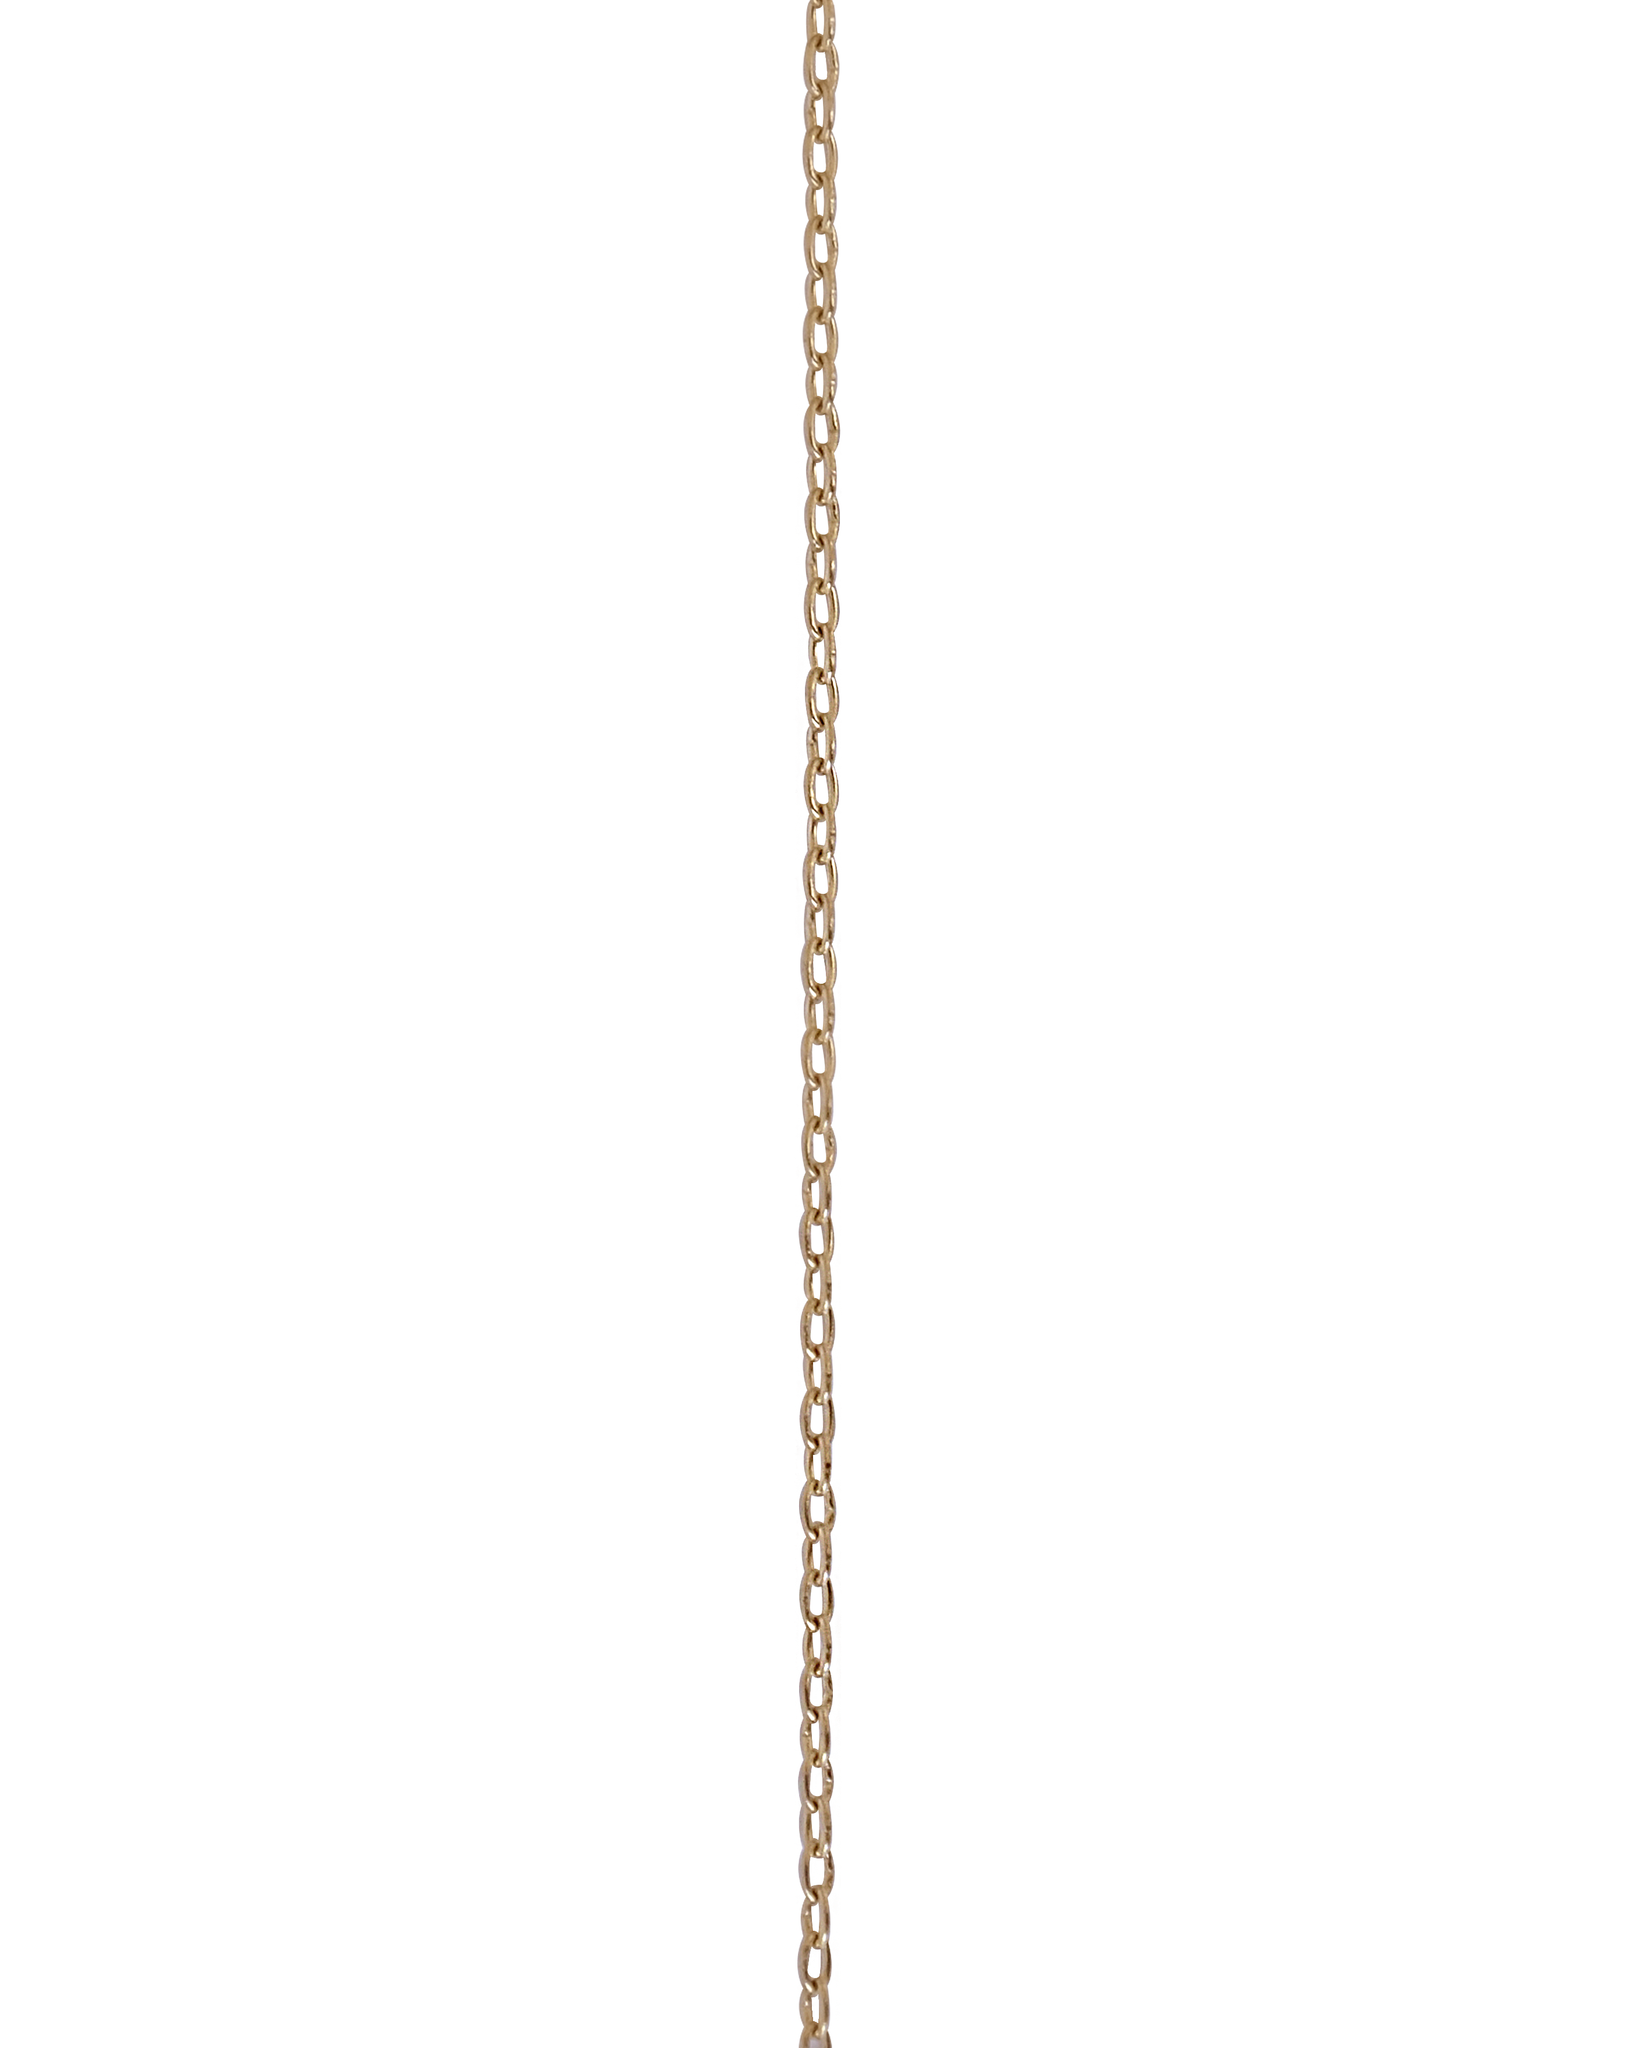 Ava Chain - Solid 14k Gold
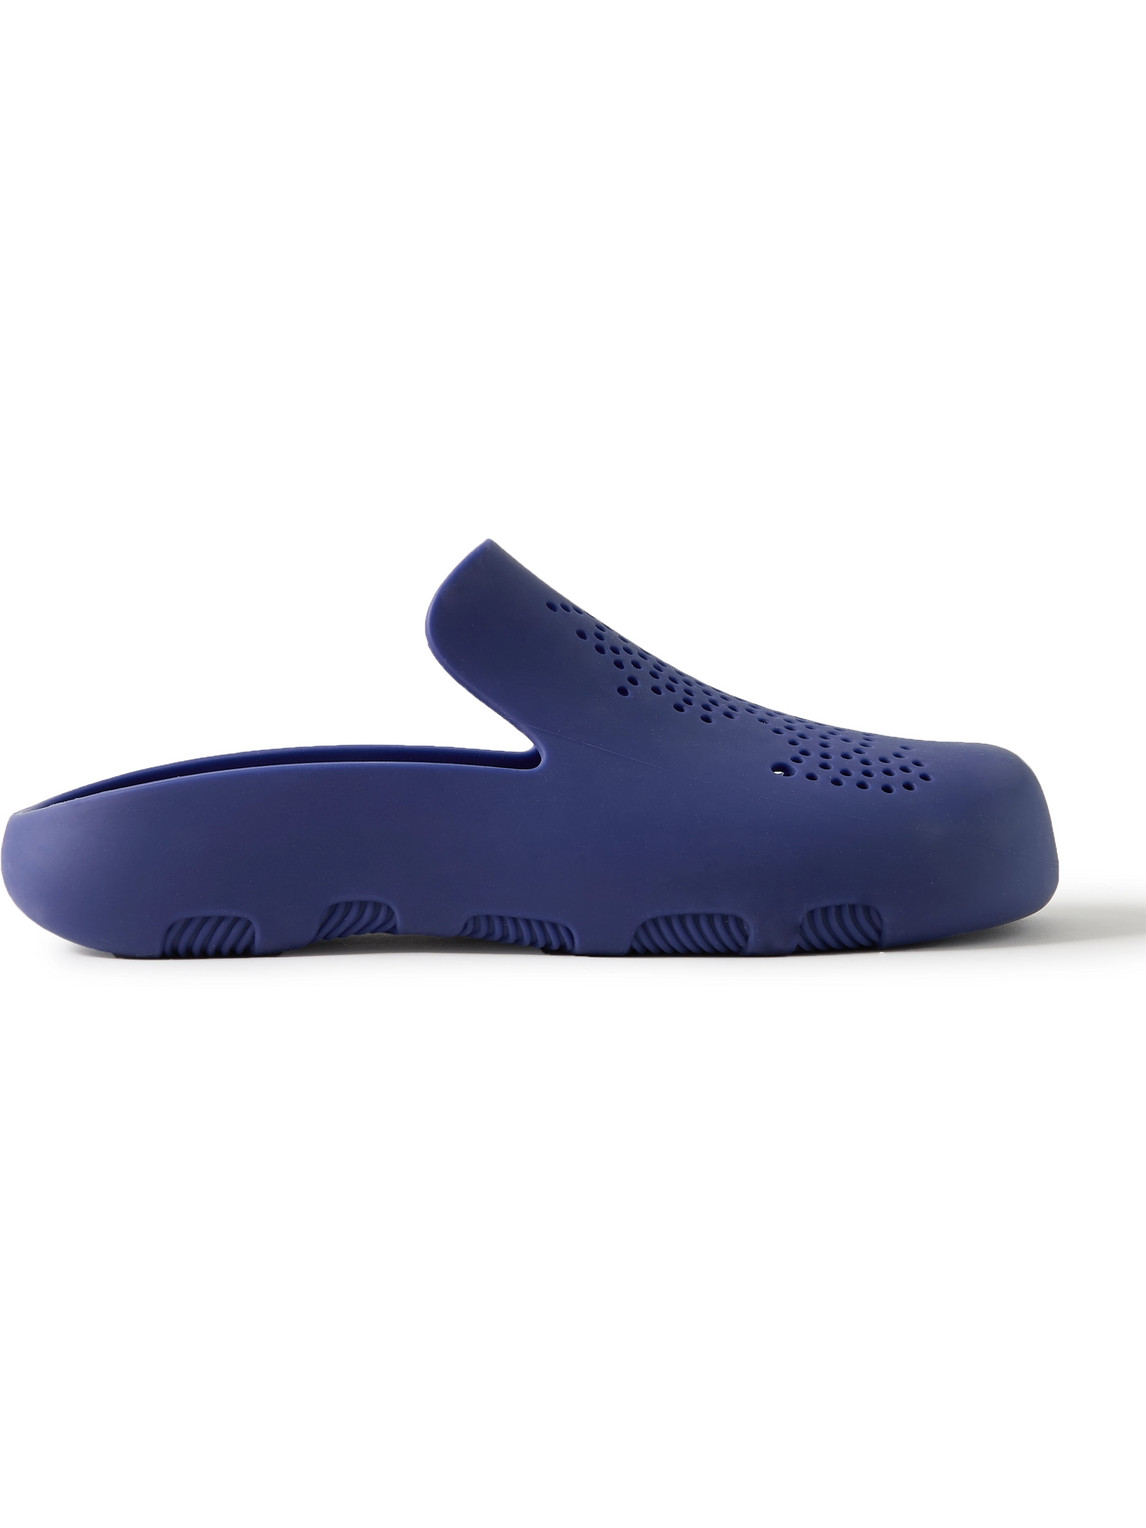 Burberry Embellished Perforated Rubber Clogs In Blue
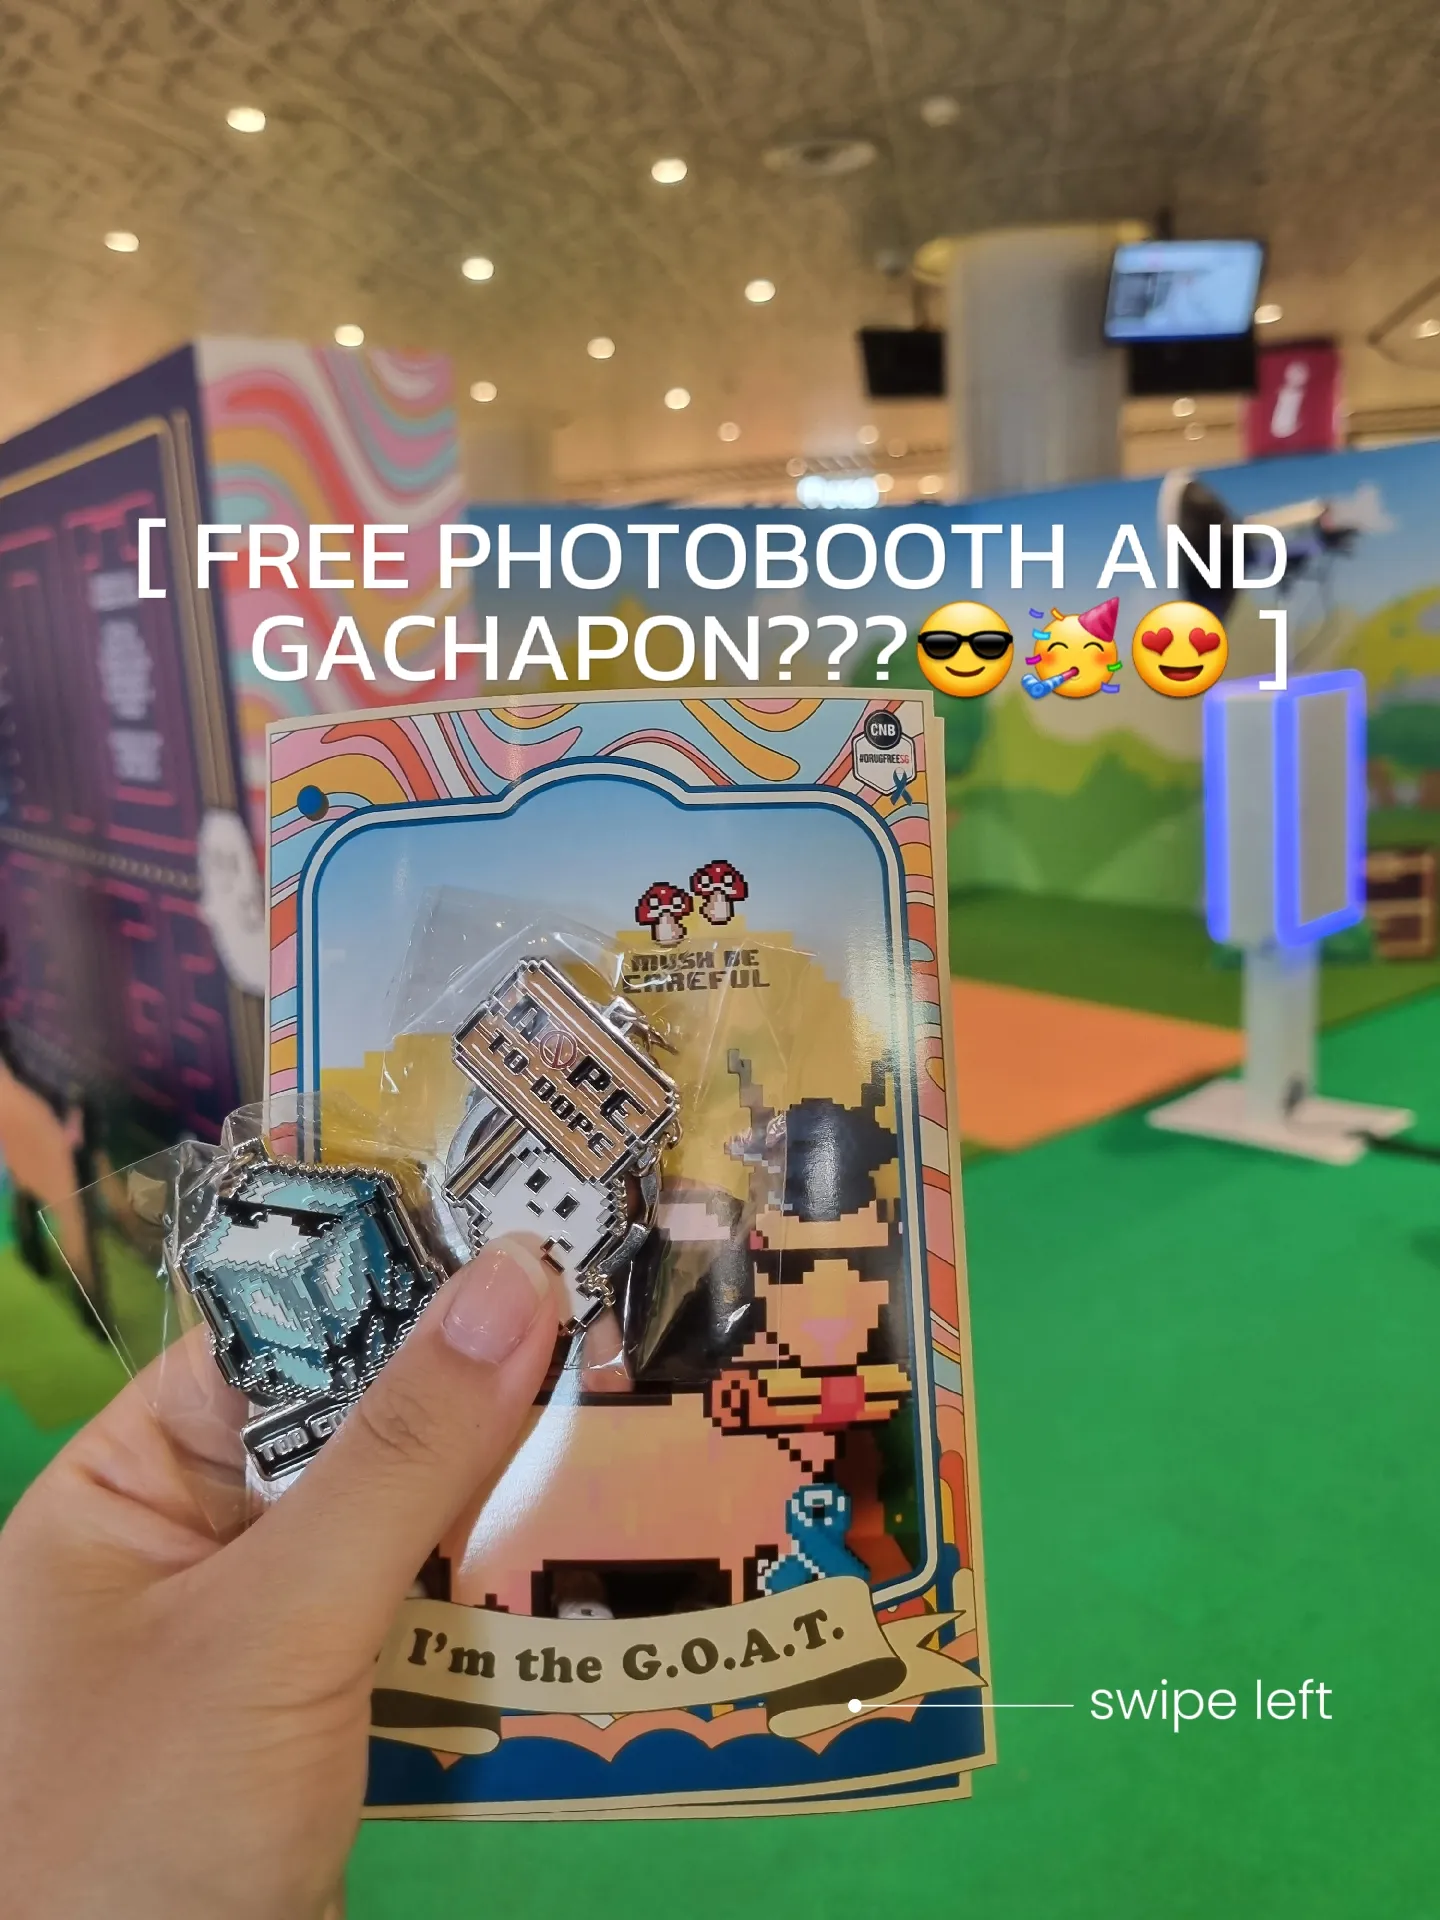 FREE PHOTOBOOTH & GACHAPON???🥳😍 things to do in sg's images

------------------------------------

Problem to work on: Set down the whole listing exactly as given, except for the pictures.

Completed exercise:
 Ava Chain - Solid 14k Gold
 Burberry Embellished Perforated Rubber Clogs In Blue
 FREE PHOTOBOOTH & GACHAPON???🥳😍 things to do in sg's images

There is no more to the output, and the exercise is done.